FPGA Testbenches Made Easier

November 16, 2018 by 8 Comments

You finally finish writing the Verilog for that amazing new DSP function that will revolutionize human society and make you rich. Does it work? Your first instinct, of course, is to blow it into your FPGA of choice and see if it works. If it does, that was a great idea. If it doesn’t, it was a terrible idea because — typically — it is hard to look inside the FPGA. That’s why you’ll typical simulate your logic on a desktop computer before you commit it to the FPGA. But that means you have to delay gratification long enough to write a testbench — a piece of hardware description language (HDL) code that exercises the function you wrote. In this post I’ll show you a small piece of software that can read your Verilog module and automatically create most of a testbench for you. The code originally came from GitHub, but I wanted to make some changes to it, so I forked it and I’ll tell you about the changes I made. This isn’t specific to a particular FPGA. Any Verilog project can use the tool to generate a simple starter testbench.

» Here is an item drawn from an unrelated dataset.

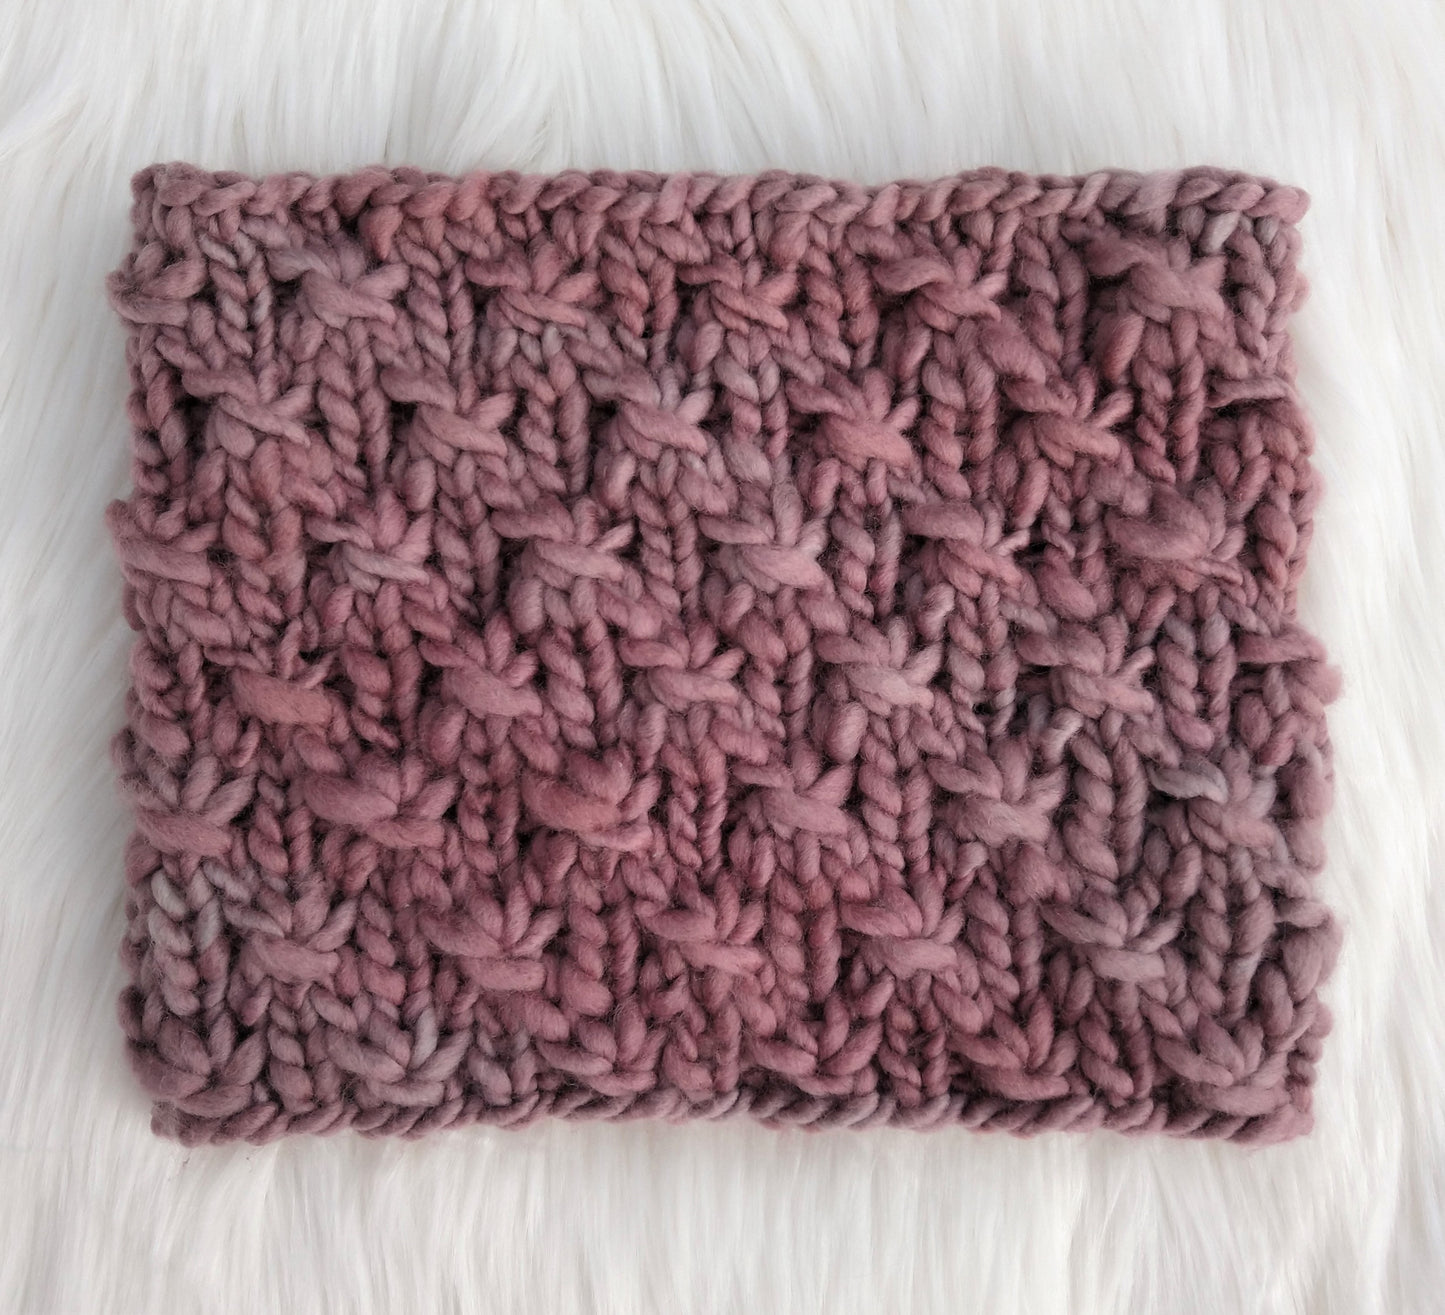 Granger Cowl Knitting Pattern

Writing a testbench isn’t that hard. You usually use the same language you wrote the original code in but since it won’t reside in silicon, you can do things in the simulator that you can’t get away with in code that you’ll synthesize. However, it is a bit painful to have to always write more or less the same code, especially if you have a lot of modules you want to test. But it is a good idea to test small modules before linking them together and then test them linked together, too. With this little Python script, it is very easy to generate a simple testbench and then further elaborate it. It isn’t life-changing, but it does save some time. If you want to try this out, you’ll need something to run the Python script on, of course. You also need a Verilog simulator or you can use EDA Playground to try all this out in your browser.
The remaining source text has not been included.